Anyway, yesterday my daughter flat out told my wife that my stories are nicer. She used the word, "nicer" specifically. My wife heard the word, "better." While I have no doubt that they are actually better, my daughter was focusing on the word "better." And here's why.
Yesterday it was my turn to put my daughter to bed. And she really wanted me to. She had descended into a raging whirlwind of excitability (I'm sure you all remember the, "YOU ARE THE PARTY POOPER" football-style chant she bellowed at me) and wanted nothing more than for me to cuddle her to sleep to show that everything was all okay. My wife though was desperate to do so herself. Her only experience of her daughter yesterday was the end of the hysterical fit. Which pretty much involved my daughter seeming to calm down, suddenly bursting with insane sadness and wailing. My wife even tried an old trick of asking her to cry quieter and then describe how she felt. Unfortunately this led to my daughter screaming, "MAMA!!!!" over and over again for fifteen minutes. Which seemed to make my daughter want me to put her to bed more, and for my wife to want to do it even more so. So, I intervened and told a very sensitive girl that her mother was going to. She welled up. "But don't worry! Oh no!! Because tonight your mother is going to tell you about the time she was a little.....omelette!"
Her eyes lit up. You could see that she thought that might be cool. To seal the deal I even pointed out that it's really two stories in one, because in the beginning it's a story about a little egg. She bought it! Go Team go!
This is where it apparently all went to crap. Now, she did go through the bedroom routine and go to sleep. No problems there. She slept the whole night too. And this morning was sunny and delightful. I even askedm y wife how bedtime went and she said it was good. But the important point is that when my wife came downstairs and settled down to finally get some rest after a long day, then said, "good" as a summary to the bedtime, she then chose to say, "man - those stories are really violent." Which is really weird because a) she said it like even though she told the story that night somehow I was still culpable for making it somehow violent, and b) that even though she knew what she was saying was disturbingly violent she went ahead and told it anyway.
Violent? okay I kind of get it. But as can be seen above I managed to make it breezy and light. So I asked what was so violent. "Well, first I had to tell her that a little girl picked me up as an egg and then smashed my body aggressively against the side of a bowl until my egg-blood could fall out. In fact she whacked me so hard that a little bit of the egg-blood just shot out all over her hand. Then she ripped my entire body into two parts and dumped my guts, organs and mushed up smashed brains into a bowl, and stabbed them with a whisk and shook my bits quickly into a tornado to make sure I could never ever be reassembled if such a thing could be done. Then, if any part of me had any consciousness left I was viciously thrust into a burning volcano-hot frying pan. While I was literally having my insides burned my crushed useless body was then thrown violently into a garbage disposal, drowned and then annihilated after a little girl ("named Evelyn!!!" she gleefully cried!) pressed the garbage disposal button.
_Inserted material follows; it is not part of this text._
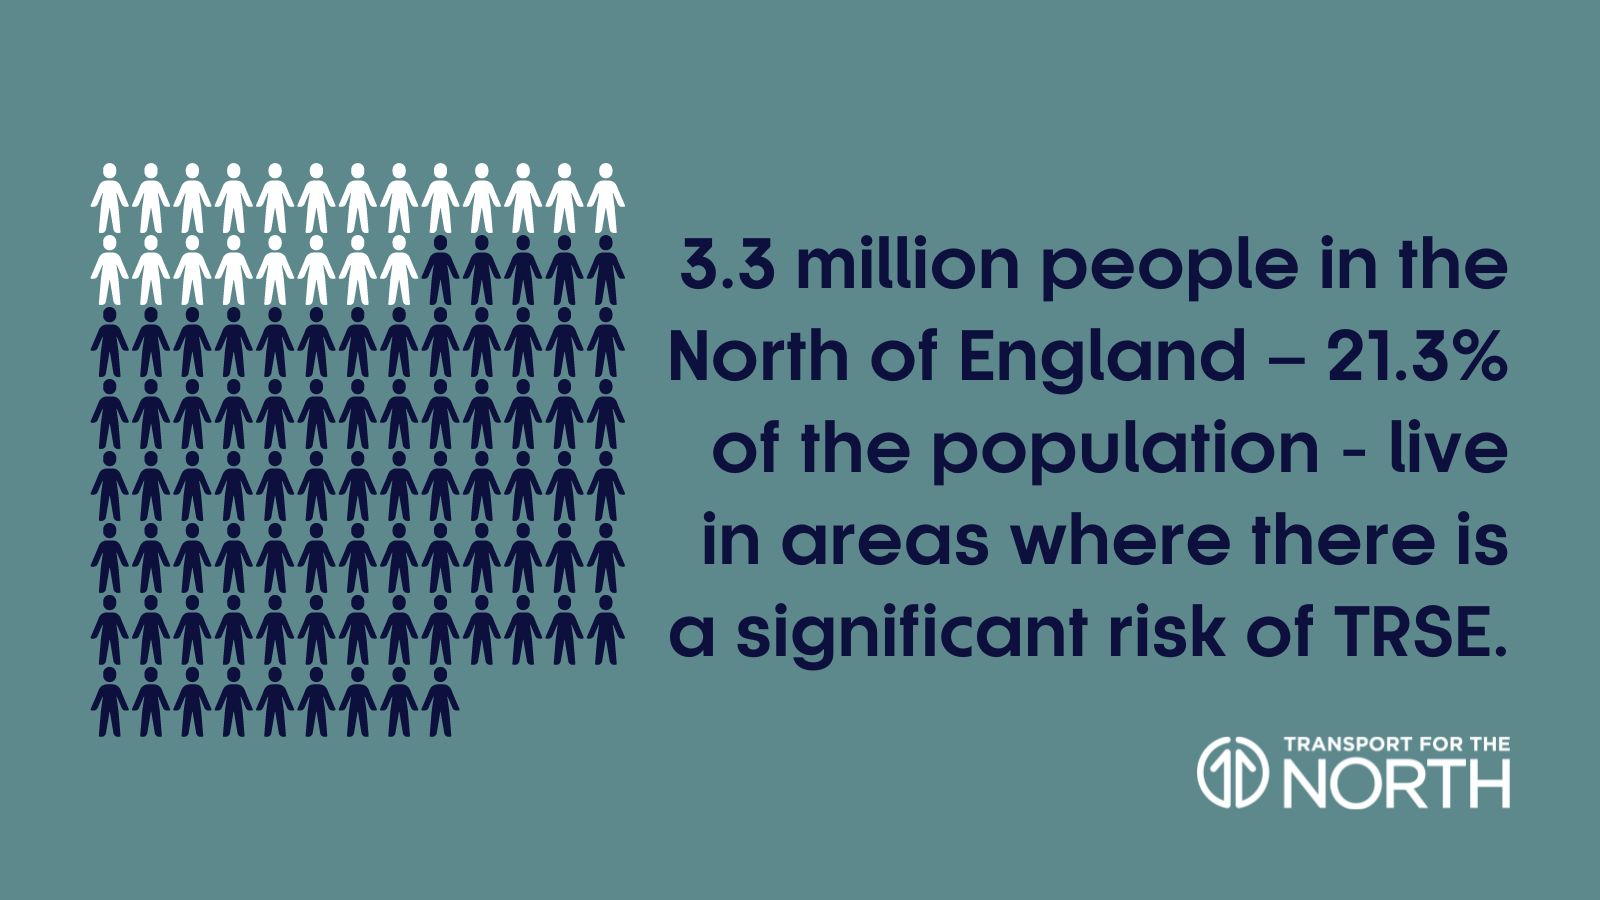 3.3 million people in the North of England live in areas where there is a significant risk of TRSE.

And then, much to my surprise she ate me all up in one go! Just like that!"
What. The. Fuck. So I explained to my wife that this is precisely why my stories are, "nicer." She countered with, "you literally crap her out every night." To which I counter-countered with, "Yes but I crap her out tastefully."
And that, after all is what I want you to take away from this entry. That being that using all your parenting smarts and child-rearing skills you too can avoid filling your little ugly children with horrifying nightmare-fuel, and instead tell stories where you shit them out in an age-appropriate fashion.